Until allegations in classified documents can be assessed in court, she said, the question of whether they amount to real evidence remains unanswered.
Shamsi called the U.S. actions “one of the most extreme and dangerous forms of authority that the executive branch can claim — the power to kill people based on vague and shifting legal standards, secret evidence and no judicial review even after the fact.”
In 2010, a federal judge in Washington noted the government would need permission from a federal court to wiretap al-Awlaki, but that no such court process existed in order to kill him.
Rejecting an effort by al-Awlaki’s father to block his son’s possible extrajudicial killing, U.S. District Judge John Bates called it “somewhat unsettling” that a president could — for national security reasons — make a unilateral decision to kill a U.S. citizen overseas and the decision would be “judicially unreviewable.”
Critics: Obama’s anti-terrorism strategy confusing
Obama has insisted his responsibility as commander in chief to protect Americans from attack justified targeted killings such as the drone strike on al-Awlaki.
In a May speech, he rejected targeting an American citizen without what he called due process, meaning adherence to full legal procedures. Then he explained the reasoning for the 2011 hit on al-Awlaki before the expanded policy guidelines he was announcing.
“When a U.S. citizen goes abroad to wage war against America and is actively plotting to kill U.S. citizens, and when neither the United States nor our partners are in a position to capture him before he carries out a plot, his citizenship should no more serve as a shield than a sniper shooting down on an innocent crowd should be protected from a SWAT team,” Obama said.
“I would have detained and prosecuted Awlaki if we captured him before he carried out a plot, but we couldn’t,” Obama continued. “And as President, I would have been derelict in my duty had I not authorized the strike that took him out.”
Critics, including congressional Republicans, argue the President’s anti-terrorism strategy, which in many ways extended programs and practices started under the Bush administration, have failed to curtail al Qaeda.
Asked last week at a congressional hearing if al Qaeda was stronger or weaker than before the 9/11 attacks, Director of National Intelligence James Clapper conceded the terrorist network was more widespread.
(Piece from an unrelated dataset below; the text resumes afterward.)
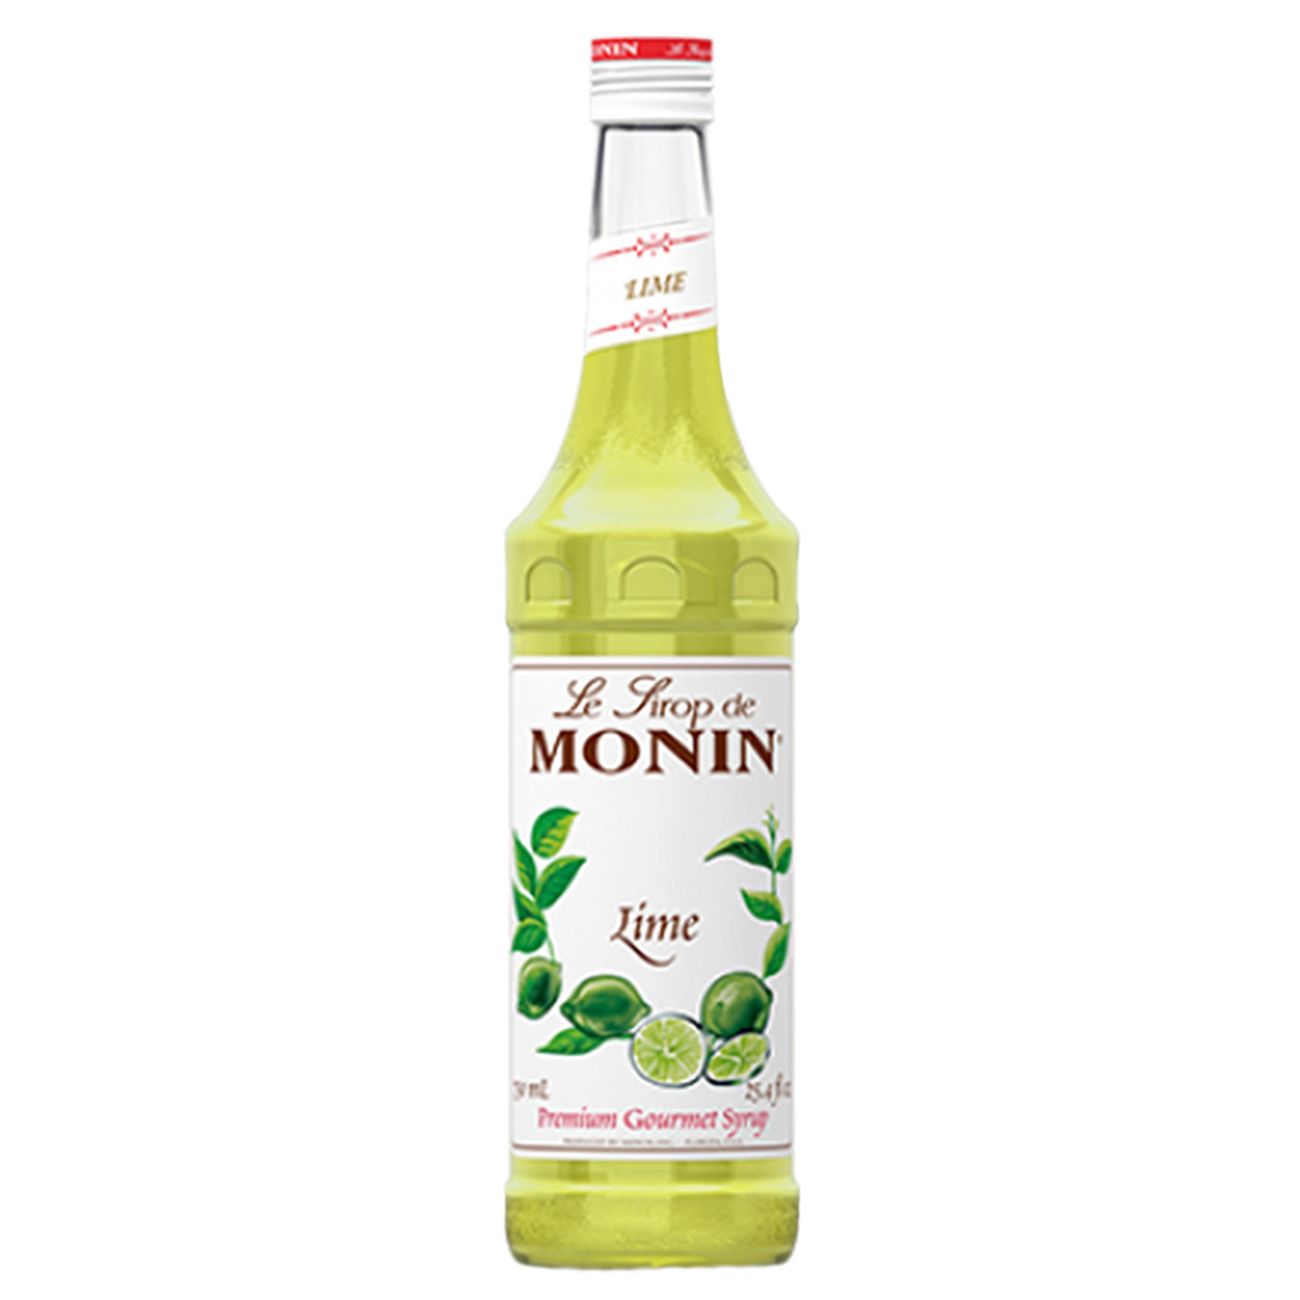 monin-lime-drinkmix-1

At the same hearing, House Intelligence Committee Chairman Mike Rogers argued that tighter restrictions on targeted killings announced last year had weakened the government’s fight against terrorism.
“Today, individuals who would have been previously removed from the battlefield by U.S. counterterrorism operations for attacking or plotting to attack against U.S. interests remain free because of self-imposed red tape,” the Michigan Republican said, adding that Obama’s “May 2013 policy changes for the U.S. targeted strikes are an utter and complete failure, and they leave Americans’ lives at risk.”
Rogers complained the problem involved confusion over U.S. policies.
The ACLU’s Shamsi accused the administration of failing to adhere to the policies of increased oversight and observance of due process.